ウォッチャーは沈黙を保ったままだ。こちらに注目を集めている隙に、カルデアにこれ以上の攻撃をかけてくる様子もない。職員も無事。保管されている聖杯も無事。治療中の重傷者も無事。食料庫等も無事。
正体はなんだ? マジで天使か? それとも悪魔か? ……油断させておいて一気に、という可能性も充分ある。警戒を怠るわけにはいかない。何もかも後手。何もかも、奴の掌の上。否、認めない。私はレオナルド・ダ・ヴィンチだ。
「よっ、と!」
突然の声に、思わず上を見る。あの嗄れ声ではない。白い立方体から、何者かが出現した。声からして若い男、少年だ。彼は立方体から飛び降り、床に着地。ウォッチャーか、そのアバターか。一同が警戒する。

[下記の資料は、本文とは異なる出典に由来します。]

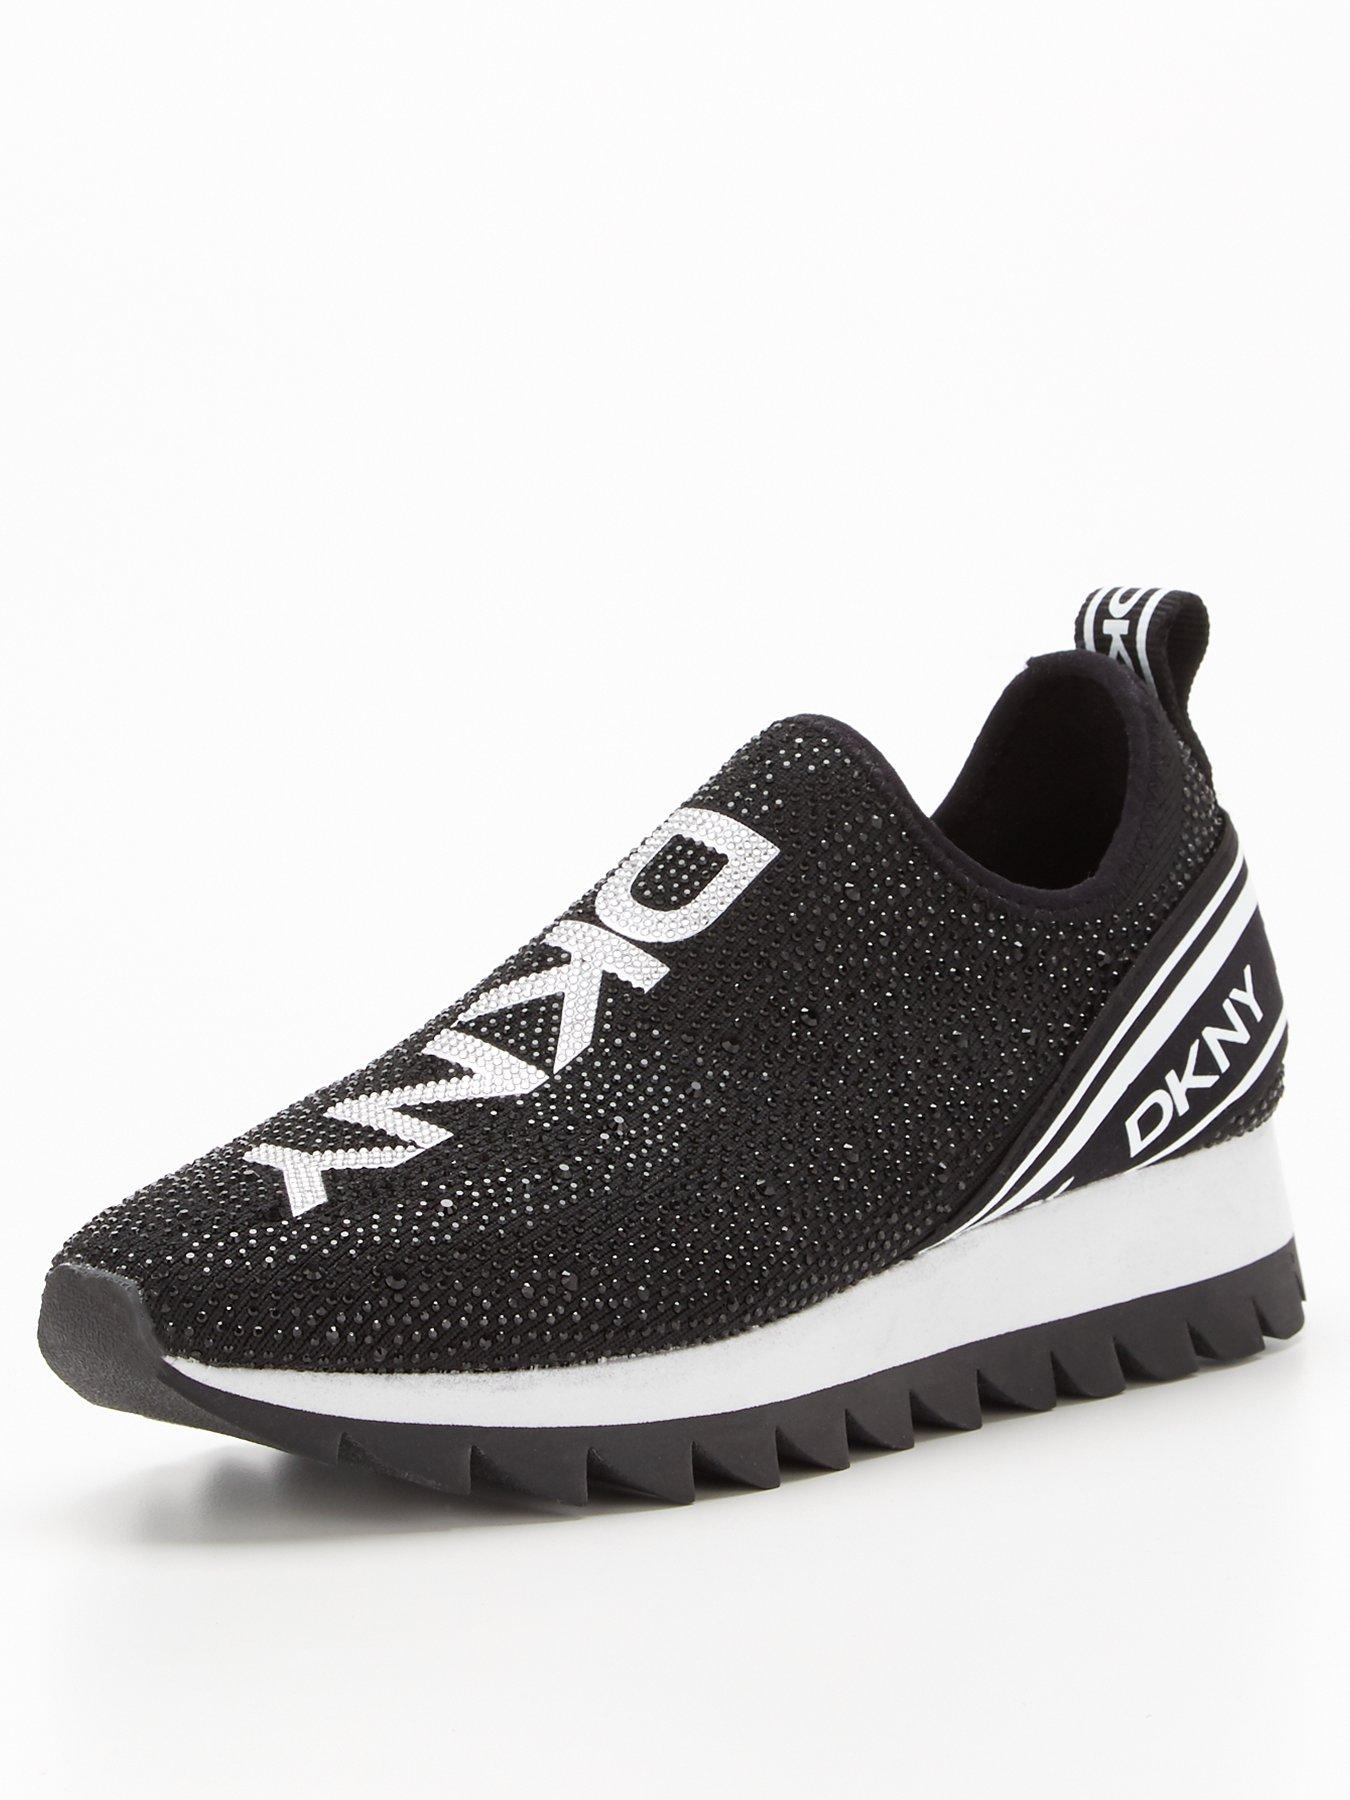 DKNY Abbi - Slip On Runner Sneaker - Black/white | very.co.uk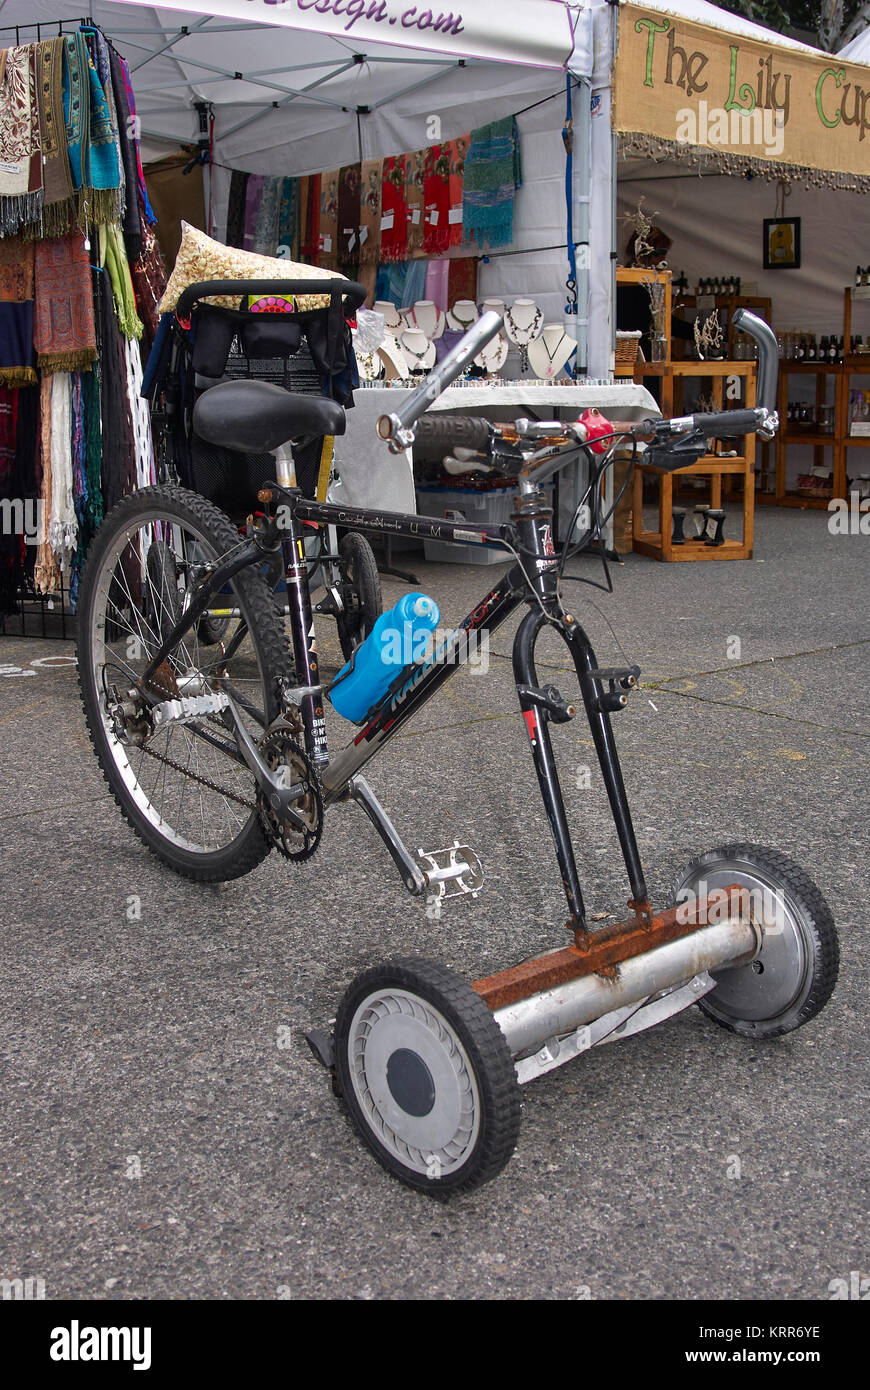 Un vélo transformé en être une tondeuse manuelle Photo Stock - Alamy

少年が立ち上がり、顔を挙げた。イタリア・ルネサンス風の小粋な服装だ。
ダ・ヴィンチは目を見張り、小さく息を呑んだ。その顔に、その姿に、酷く見覚えがあった。忘れようはずもない。優雅で美しい顔、小憎らしい嘲笑を浮かべた顔。幾度も触れた柔らかな巻き毛。人間の姿をした天使。盗人、嘘つき、強情、大食漢の小悪魔。
「サライ……!」
アンドレア・サライ。本名はジャン・ジャコモ・カプロッティ。レオナルド・ダ・ヴィンチの弟子、寵童、遺産相続者。
「そォうさ、お久しぶり、オカマ野郎! オレ様にピッタリだからな、このアバターはよ! 当然こいつをぶっ殺しても、オレ本体には何の影響もねえぜ!」
私のサライが、下品で兇悪な嗤い顔になる。やめろ。歯の根が震え、舌の根が乾き、声が出て来ない。涙が滲んできた。
「これで喋りやすいし、お前さんに嫌がらせをするには、実にピッタリ! 皆の前で尻でも掘り合うかい、あァ?」
サライは猥褻な仕草をし、腰をカクカクと振る。やめろ。やめろ。